As the son of contemporary art collectors, Jason Rubell spent a fair amount of his childhood at gallery openings and museum exhibitions. By the time he was a teenager, Rubell started buying artwork that caught his eye, using money he’d made stringing tennis rackets. But he never thought of himself as a collector until his senior year at Duke.
At the urging of his art history professor, Kristine Stiles, Rubell put together an exhibition titled “A Student Collects: Contemporary Art From the Collection of Jason Rubell.” At the time, the Duke University Museum of Art was housed in a former science building on East Campus, and elevating the arts was not the institutional priority it is today.
When Rubell reprises the exhibition at Duke next month, it will be on a larger stage. A prominent figure in the Miami art scene, Rubell is bringing samples of his collection to the Nasher Museum of Art, and he says he’s excited to see how students today think about their place in the art world.
“Time Capsule, Age 13-21: The Contemporary Art Collection of Jason Rubell” will be at the Nasher Museum from August 13 to January 6, 2013. The exhibition is a nearly identical re-creation of Rubell’s senior project.
"It's interesting to think about that moment when you cross a threshold and start to call yourself a collector or a curator."
“Part of my excitement about having ‘Time Capsule’ at the Nasher is that students will see the person behind the collection and possibly find some inspiration from it,” says Rubell. “It’s powerful to feel as though you can have a voice in the world of art, which is big and broad.”

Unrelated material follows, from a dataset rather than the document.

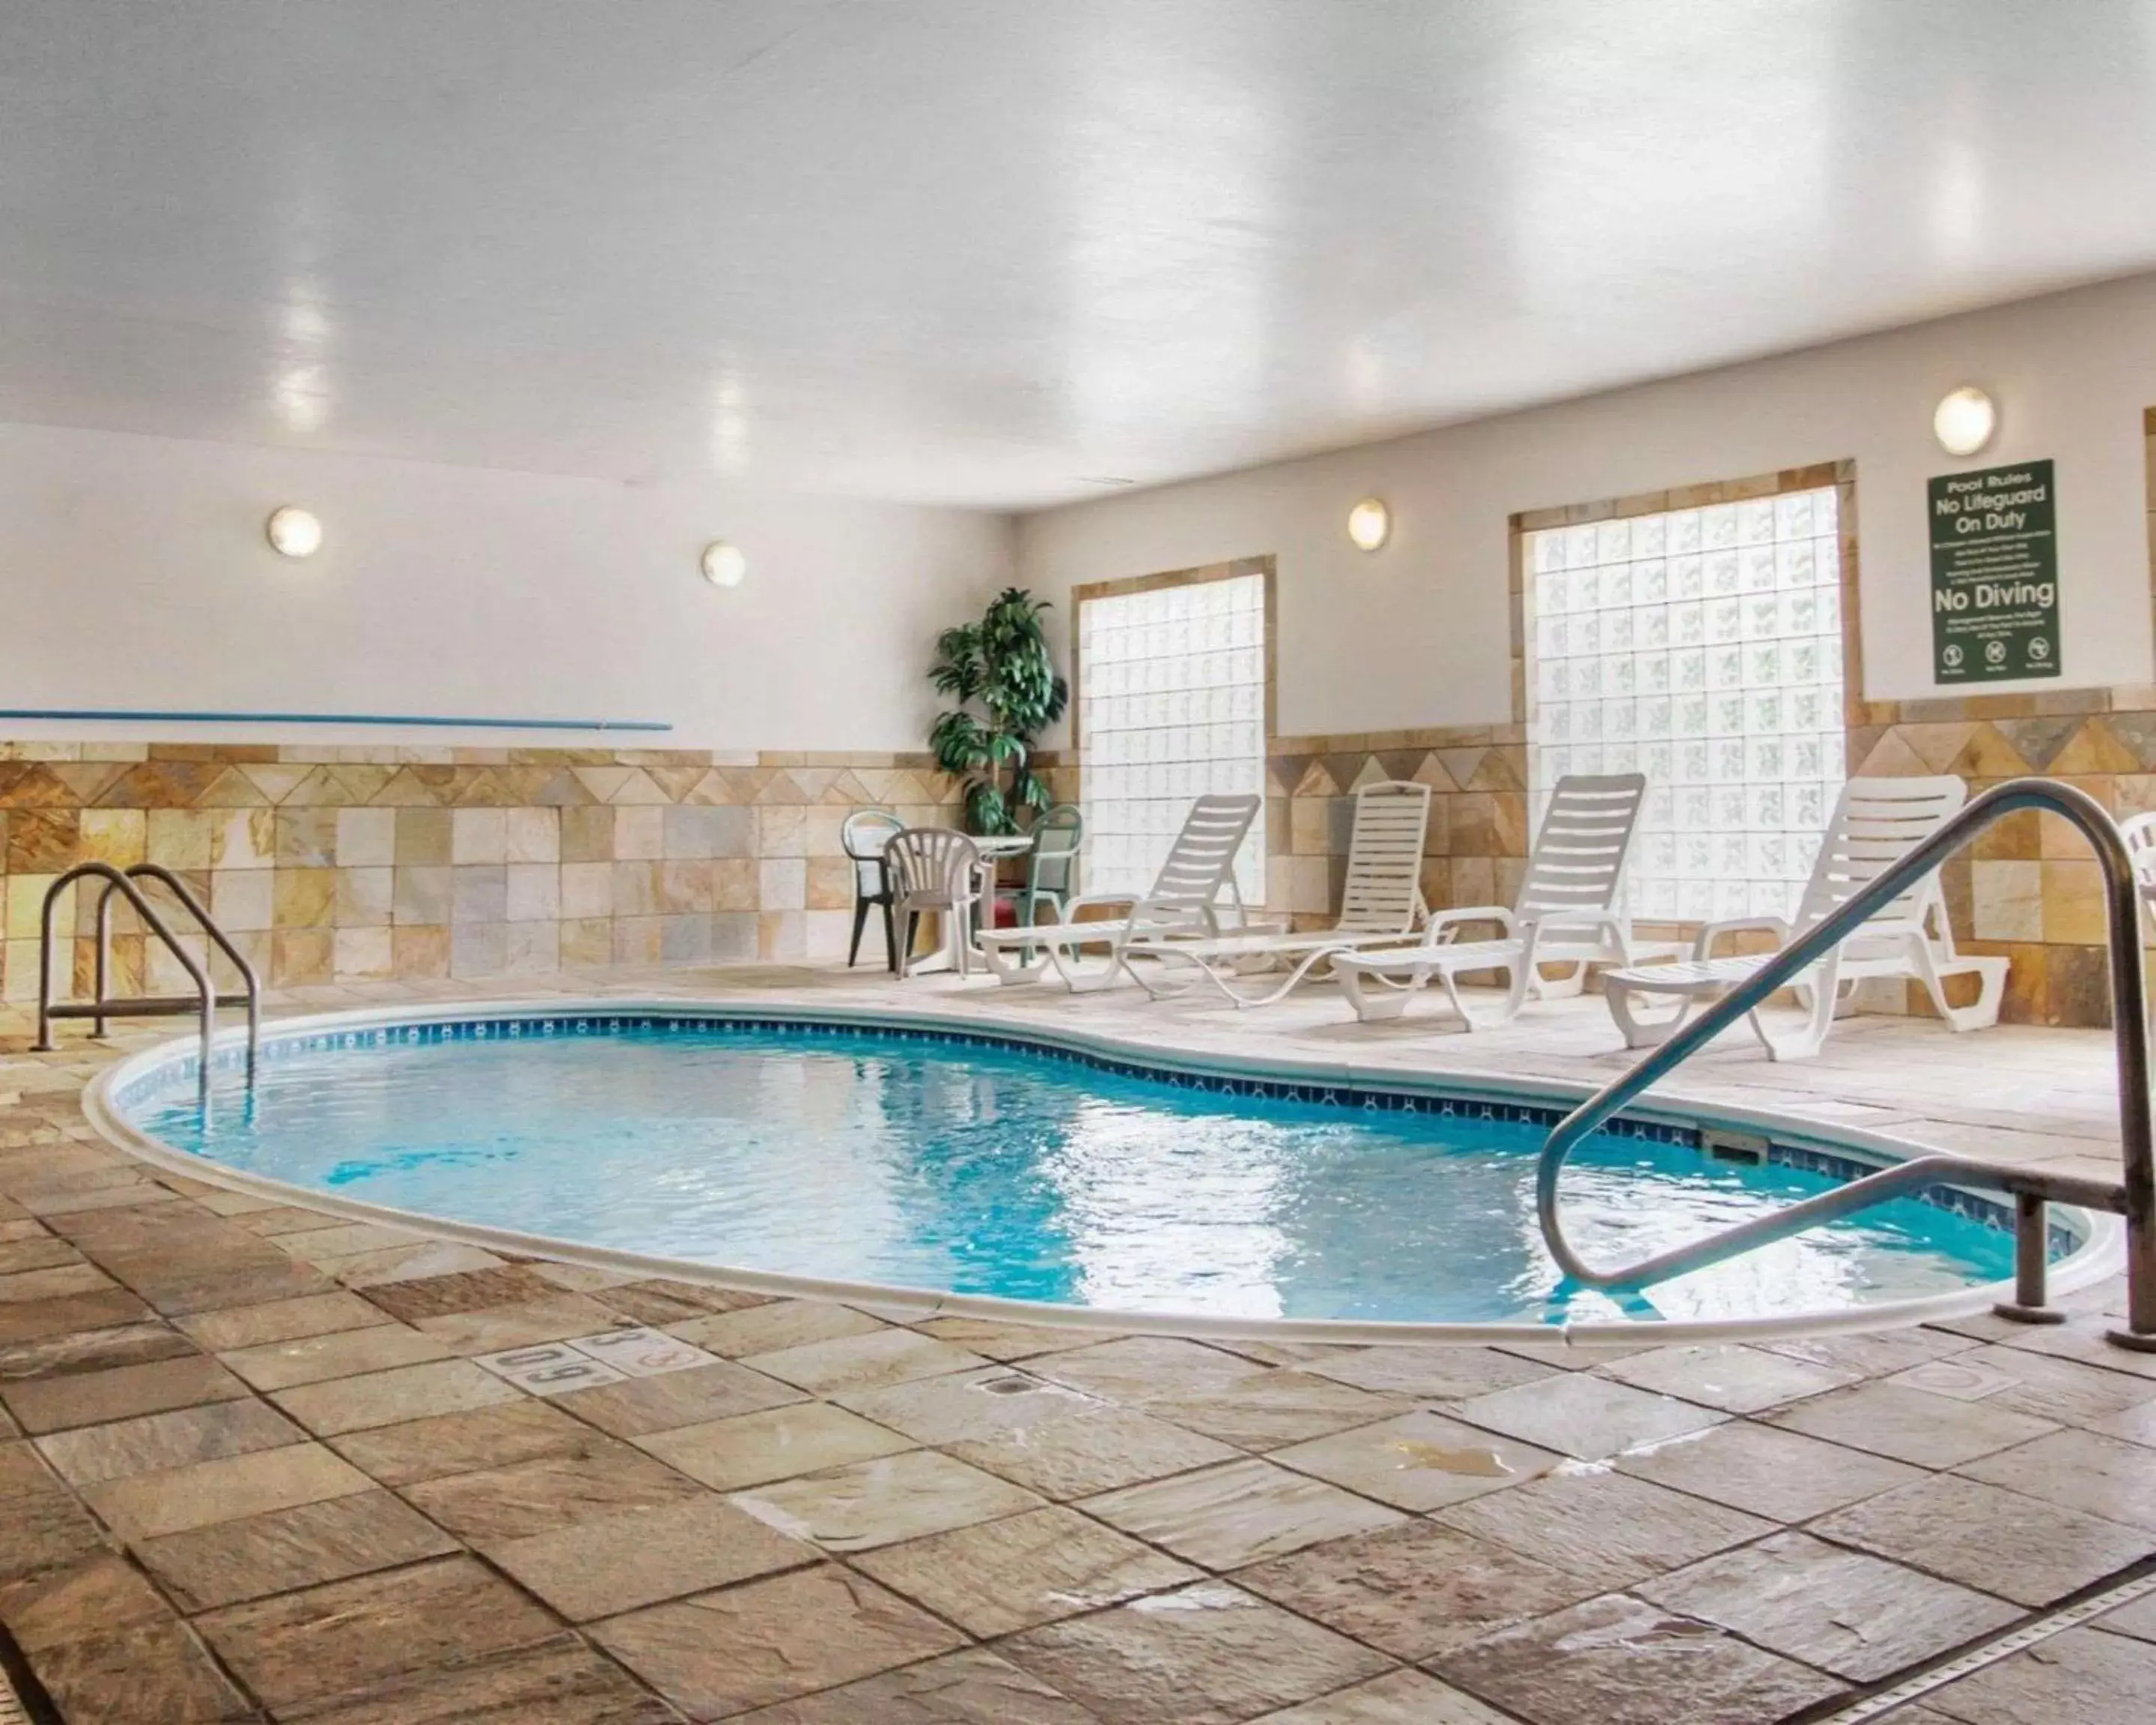 On site, Swimming Pool in Comfort Inn & Suites Hotel in the Black Hills

Since graduating, Rubell opened a gallery in Palm Beach, which was later folded into the larger Rubell Family Collection, a permanent exhibition of contemporary art housed in a former Drug Enforcement Agency confiscated-goods warehouse in Miami. He is also co-owner of Rubell Hotels, a Miami Beach company that he runs with his sister and parents.
As part of the exhibition opening at Duke, Rubell and Stiles will lead a discussion about collecting contemporary art. “Kristine was the one who got me to think about all the art I’d been buying as a cohesive collection,” he says. “Before that, I was just a kid who was accumulating things I liked. It’s interesting to think about that moment when you cross a threshold and start to call yourself a collector or a curator.”